How to Identify the 50 Öre (Silver)
A collector's guide to confirming the Swedish silver 50 ore by its wreathed value and date, crowned arms, small silver format, and Scandinavian look-alikes.
Read the full 50 Öre (Silver) encyclopedia entry →
Read the Denomination and Date Face
Start with the inscribed side. A coin of this type shows 50 ÖRE with the date, here 1898, framed by a laurel or olive wreath curving up from the bottom. Note the Swedish spelling ÖRE with the o-umlaut. Because this small denomination carries no royal portrait, the value-in-wreath layout is one of your surest anchors for the type.
Confirm the Crowned Arms on the Reverse
Turn the coin over. The opposite face should display the crowned coat of arms of Sweden: a heraldic shield beneath a royal crown. If your coin instead shows a king's bust, a large denomination in KRONOR, or a different national emblem, you are looking at another coin. The pairing of wreathed value on one side and crowned Swedish arms on the other is the defining combination for this small silver piece.
Check Size, Metal, and Feel
This is a small, thin silver coin, roughly 15 mm across and light in the hand, with the bright white tone of low-fineness minor silver rather than the heft of a large sterling crown. Use size and weight together: a much larger or heavier coin of similar design is a higher denomination such as a krona or a 1 or 2 kronor piece. The delicate fabric also means these coins wear quickly, so expect softened detail on circulated examples.
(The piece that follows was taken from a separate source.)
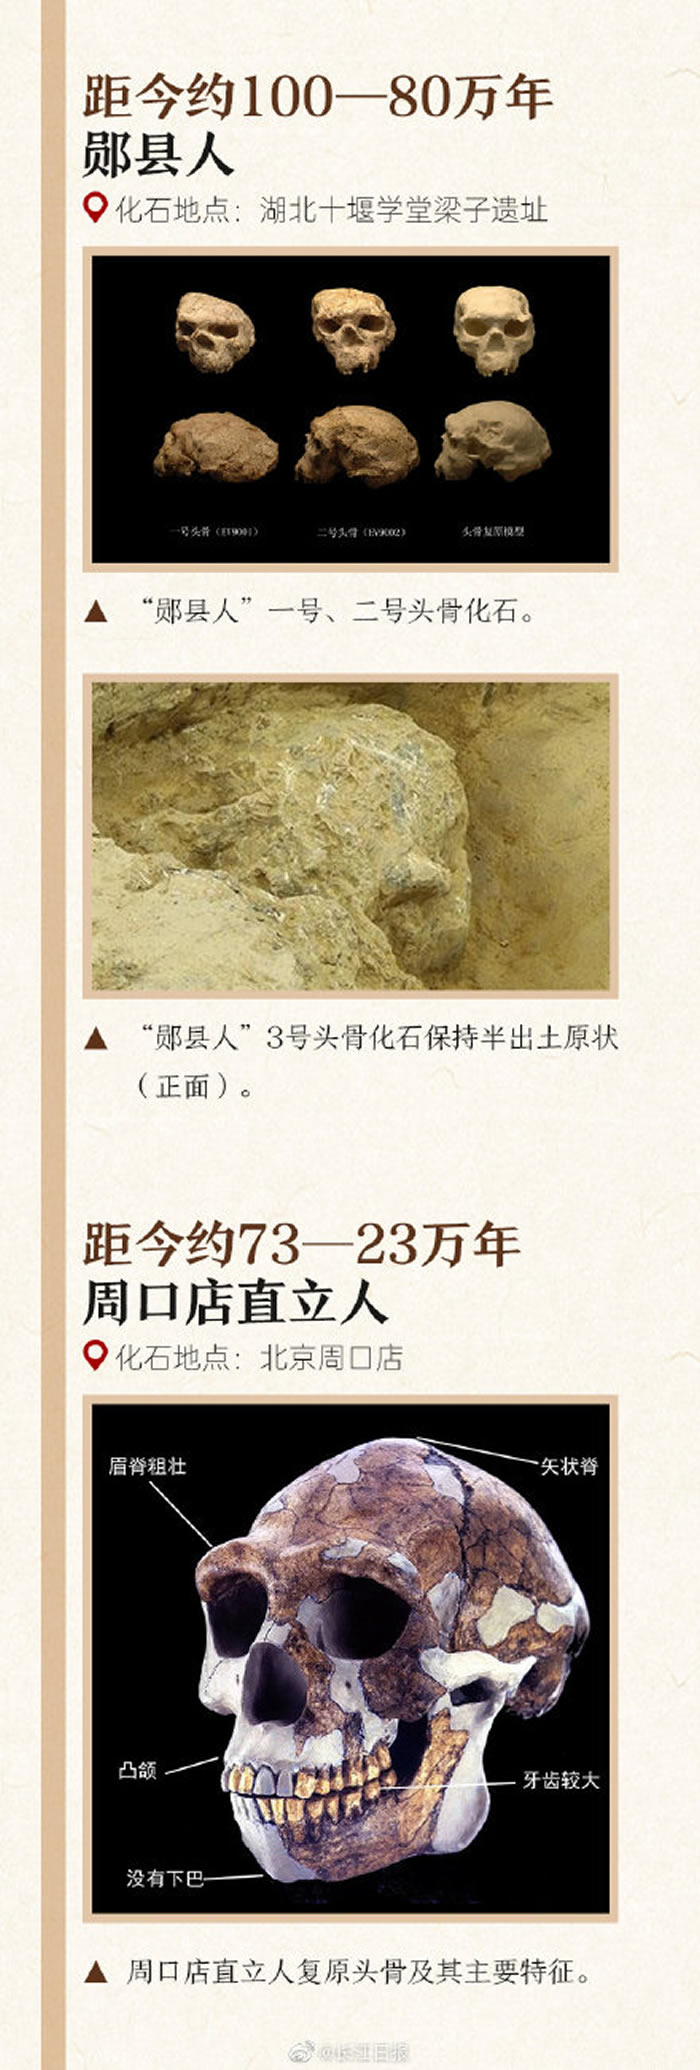 一图认识中国的各种古人类化石

Distinguish the Scandinavian Look-Alikes
Sweden, Norway, and Denmark shared the Scandinavian Monetary Union and struck small silver öre coins that can look alike at a glance. Read the legend and arms carefully: Swedish coins use ÖRE and the Swedish crowned arms, while Norwegian and Danish issues use their own national arms and, in Norway's case, the ØRE spelling. Also separate the 50 öre from the smaller 10 and 25 öre and larger krona coins of the same era by reading the stated value and measuring the diameter.
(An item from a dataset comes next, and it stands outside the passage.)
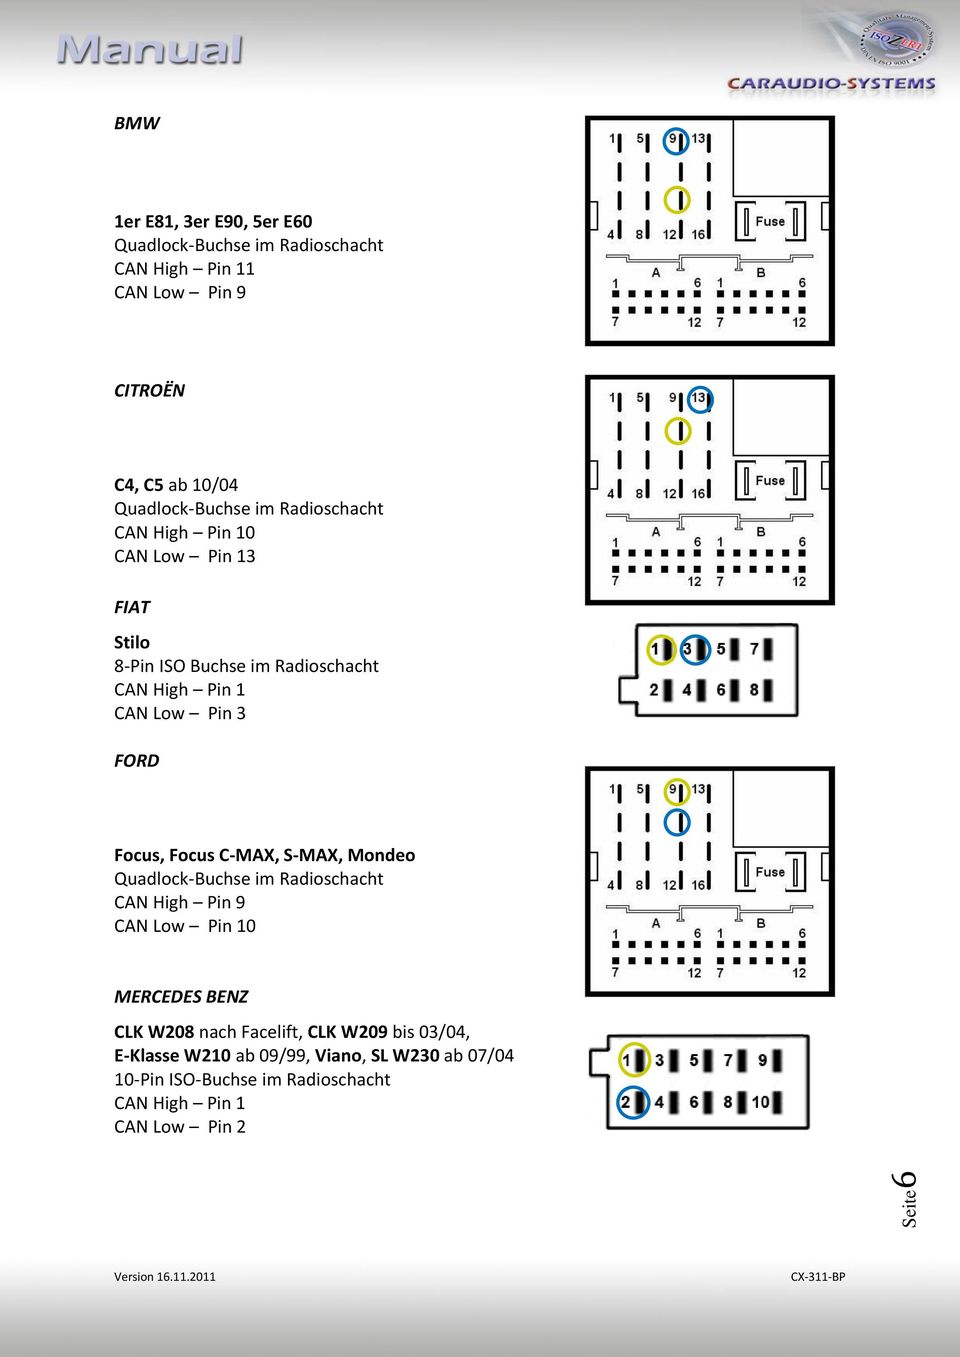 Focus C-MAX, S-MAX, Mondeo CAN High Pin 9 MERCEDES BENZ CLK W208 nach Facelift, CLK W209 bis 03/04,

Authentication and Grading Cautions
Because it is a small, low-value silver coin, outright counterfeiting is uncommon, so the practical work is correct attribution and grading rather than deep authentication. Confirm the exact date and denomination instead of assuming, since the Oscar II 50 öre series spans many years of differing scarcity. Judge condition by the sharpness of the wreath and the crown and shield, weigh the coin against expected silver weight if in doubt, and avoid cleaning, which harms even inexpensive silver. Match every cue, wreathed value, date, crowned Swedish arms, size, and metal, before settling on the identification.
Frequently asked questions
How do I tell this from a Norwegian or Danish 50 ore?
Read the spelling and the arms. Swedish coins use ÖRE with the crowned Swedish arms, while Norway uses ØRE and Denmark its own emblem. All three struck similar small silver coins under the same monetary union, so the legend and heraldry are decisive.
What size and metal should the coin be?
Expect a small, thin silver coin roughly 15 mm across and light in weight, with a bright white tone. It is low-fineness minor silver, so a large or heavy coin of similar design is a higher denomination such as a krona.
Why does my coin have no portrait of the king?
The small öre denominations of this era did not carry a royal portrait; they used the value and the crowned Swedish arms instead. A portrait would point to a larger krona coin rather than this 50 öre type.
Is it worth having authenticated?
Usually not. As a modest small silver coin it is rarely faked, so effort is better spent confirming the exact date, denomination, and grade, and checking the coin against expected silver weight if you have any doubt.